Why are 404 pages still a thing ?

| 3 min read

In this article every time you’ll see "a 404 page" please read "The dumb 404 page with an apology and a link to the home page". This doesn’t concern 404 in other contexts, please keep - or start - using them in you APIs, for instance.

Context

I had a very interesting discussion with Rémi and Matthieu, two of my coworkers, today about caching. We encounter some performances issues on the Evaneos.com website and were arguing about the fact to place some cache between our API and our frontend.

For the sake of the argument we took the example of our itinerary list. View it as a product list on some other online store.

As we all agreed that setting a cache-control header stating that the current list of products will greatly improve performance issue because a copy could be kept in memory in the frontend website two points were made against having a cache.

First one is that the user adding the product to the list might want to see it right away on the website. Funny thing is that this type of user is also interested in having a really fast website and as we are working in the same office we probably can come to an arrangement balancing time before display and performances.

Second one is the one I want to tackle down here : "What if a user clicks on the link in the list and arrives on a 404 page because the product is no longer available?"

Note : I’m not taking Etag system into account here because they are slower - you still need to make a call to the API - and as you’ll see after don’t help in anything anyway.

You already have this problem

So, what happened?

A potential client sees a cached list of products. One item has been removed from the list, but the cache has not been updated yet because of the cache policy. The client finds her dream product, unfortunately that is the one we just removed, and clicks on it.
Let’s simplify here and say we are caching lists and not individual items, but this changes almost nothing. We now have the information that this product is not available - API returned 404/410 for instance - and our front website displays a 404 page to our client. This is bad UX.

Let’s try without cache.

A potential client sees a non cached list of products. She browses the list looking for her dream product. While she’s looking at the list someone using our backend removes a product. Finally, she founds the product she wants - guess which one? - clicks on it and arrives on a 404 page. This is bad UX.

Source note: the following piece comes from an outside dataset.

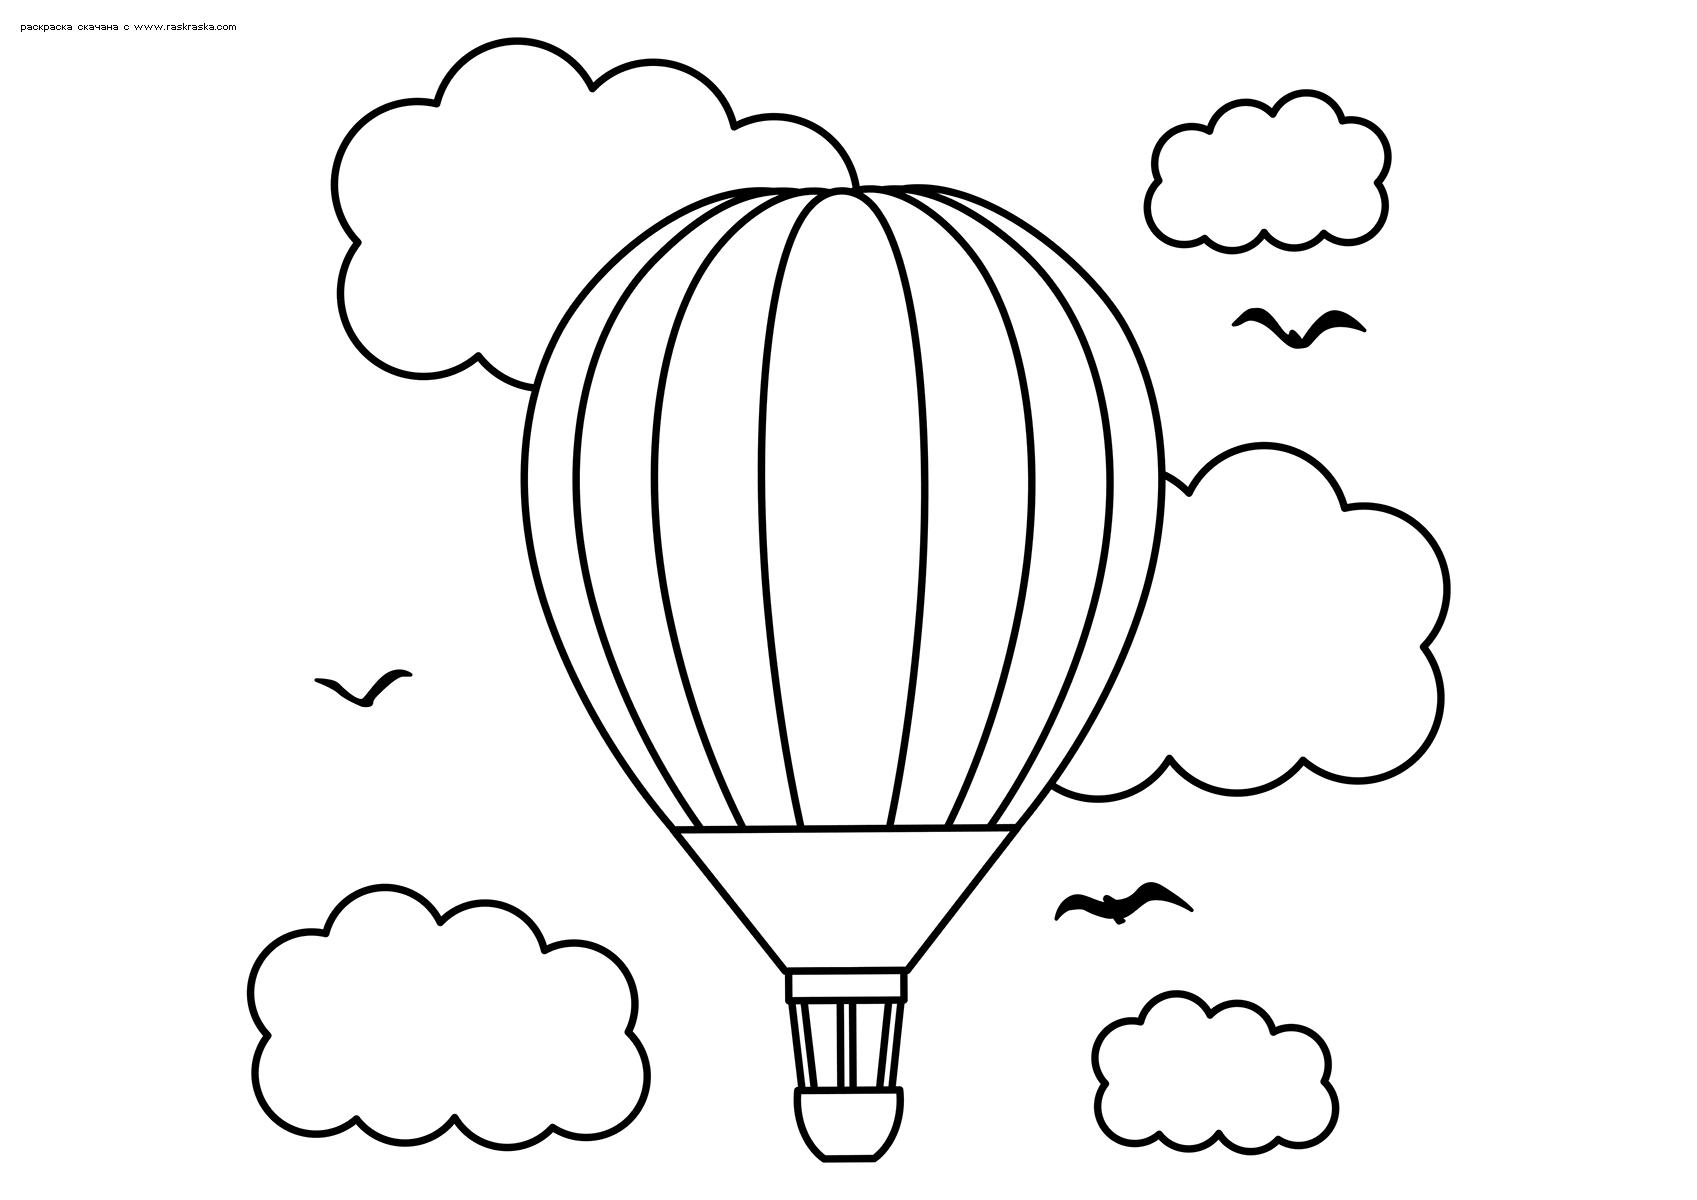 Раскраска Воздушный шар с корзиной. Раскраска воздушный шар
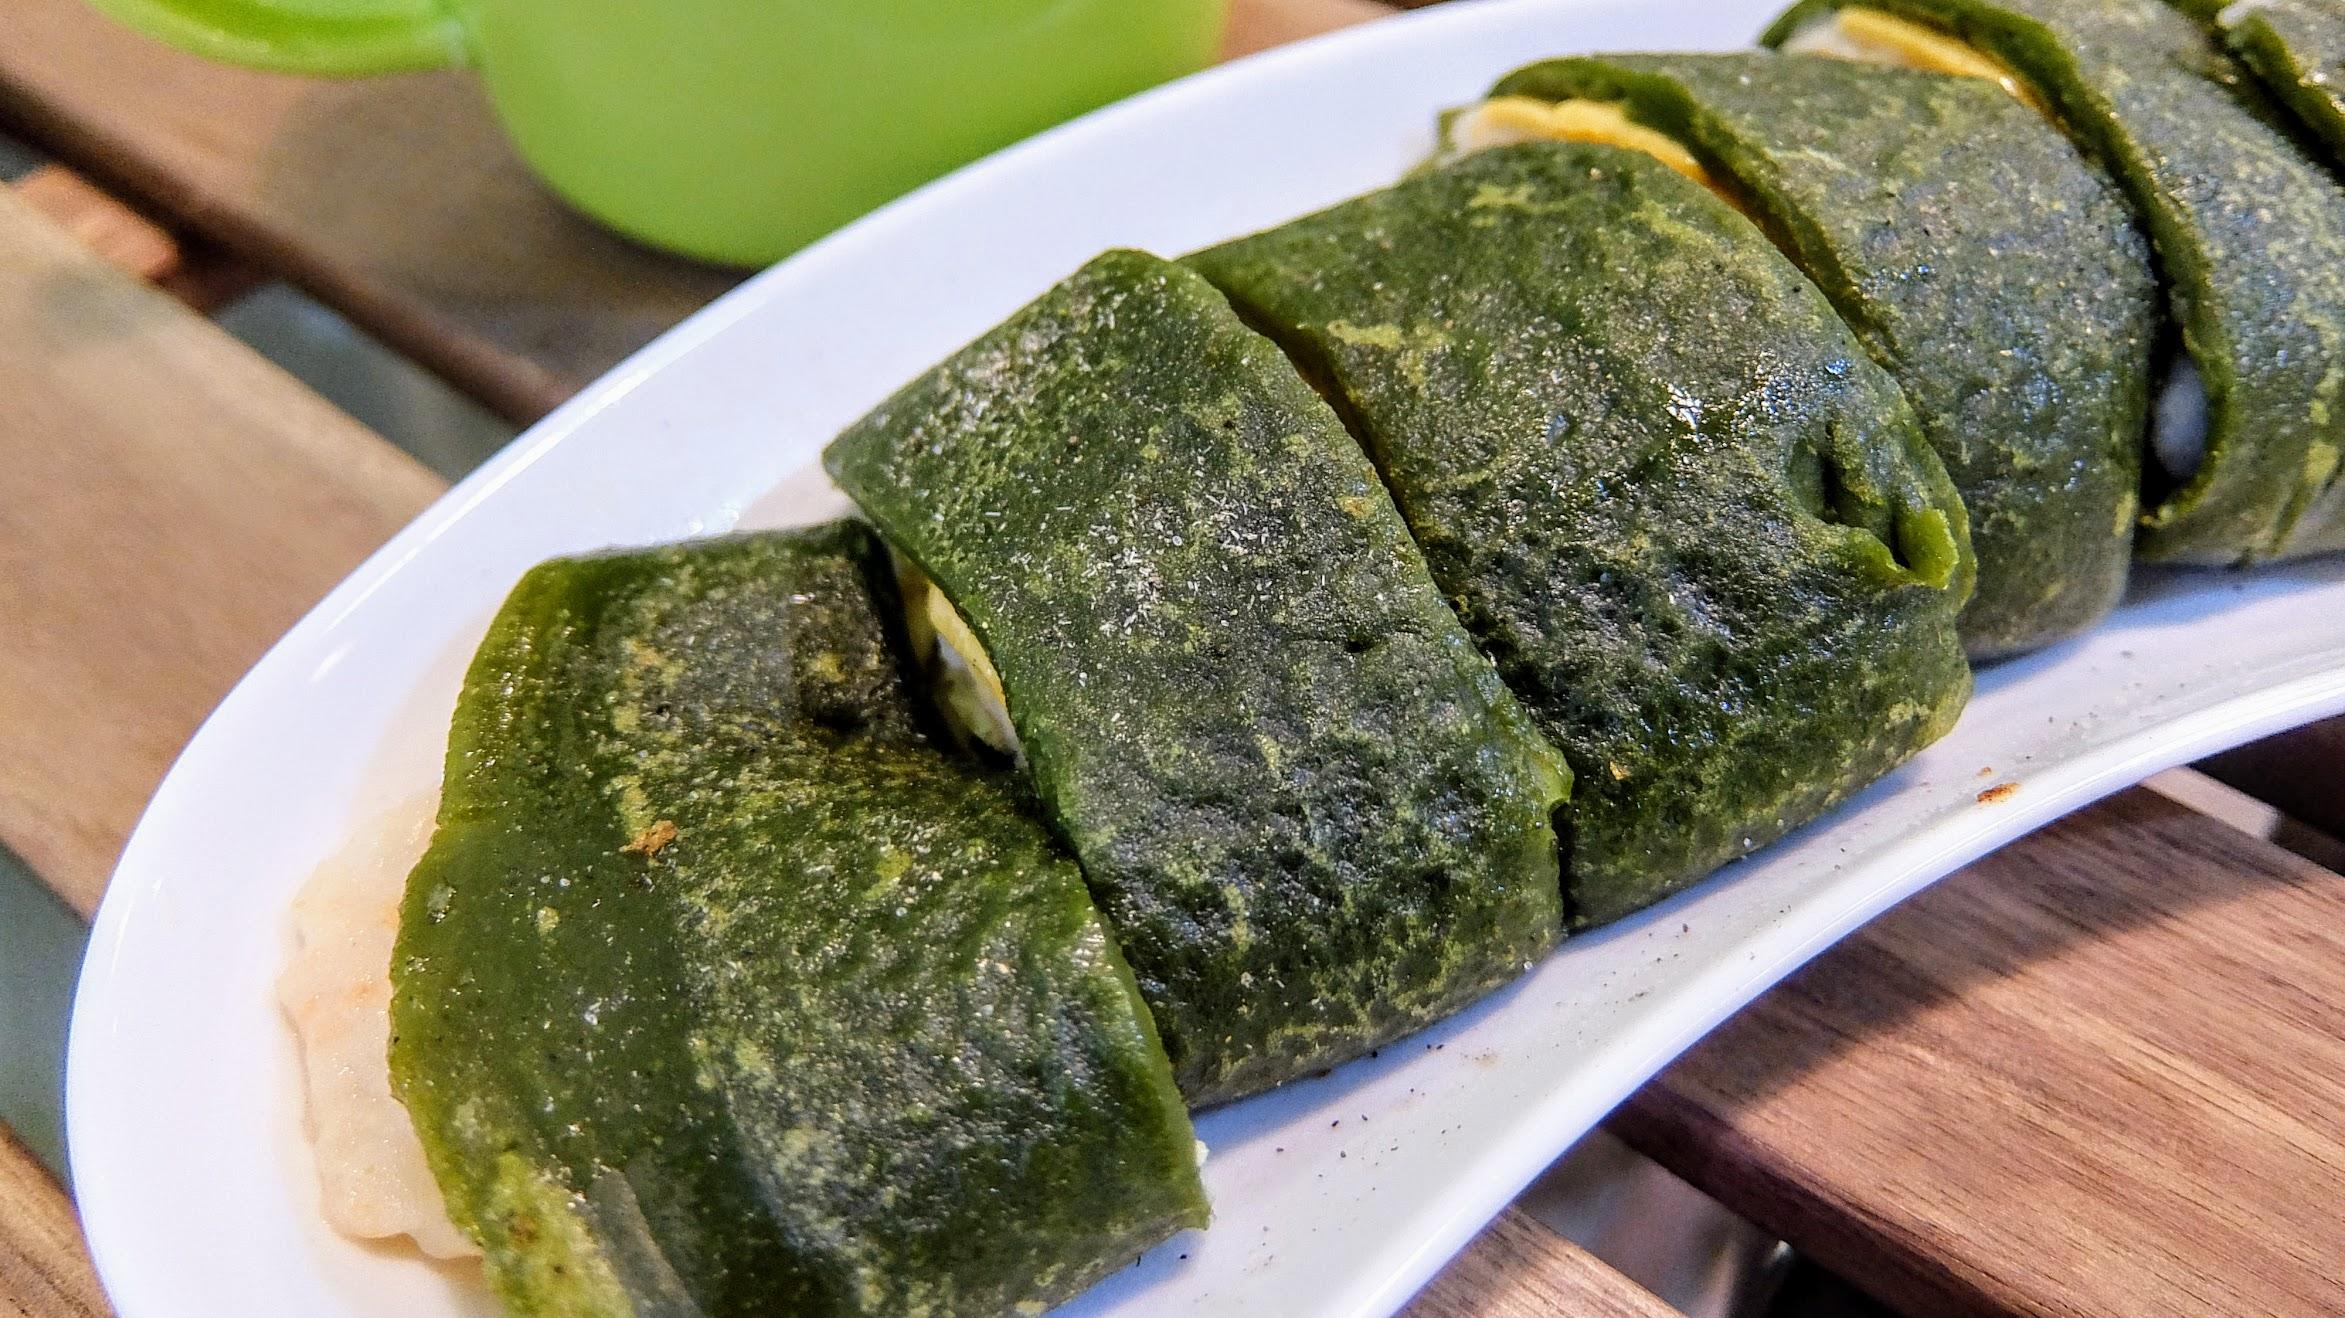 日式抹茶蛋餅,餅皮有用綠茶粉去調製,屬於麵糊蛋餅,餅皮比較厚一些! 第一次來的麵糊蛋餅帶點苦味,但第二次來反而沒有XD

We already have this issue.

We can pretend that the time between product list presentation and the client choosing a product is so short that the chances that we are removing a product during this time are low and decide not to care, but we will probably have an issue later anyway (ex: when the user adds the product to the basket).

Matthieu made an interesting observation when I bothered him later with all this, the website is not the only access to a product page : even when we don’t display a product in the list, search engines are still showing them anyway.

What do we do now?

We have a problem. Facing it is a good starting point.

In my point of view I don’t see why this second point should take us away from a massive performance boost because the problem is still here anyway without cache.

What about that 404 page?

We probably can do something cleverer than just showing a 404 page. We know what the customer was looking for, why not display to her similar products for instance?

We should go to business people and ask them what business opportunity we could take on this page instead of having a stupid 404 error.

Saying all this I don’t see why any online store would like to have dumb 404 pages and this is why I wonder why they are still a thing?

We can do better, improve UX, and as a business make more revenue.

This makes me think a lot about this quote by Udi Dahan :

"If you think you have a race condition, you don’t understand the domain well enough. These rules didn’t exist in the age of paper, there is no reason for them to exist in the age of computers. When you have race conditions, go back to the business and find out actual rules"

Race conditions are a hint that we probably don’t know enough and should ask more questions to business people, in order to come up with a better solution.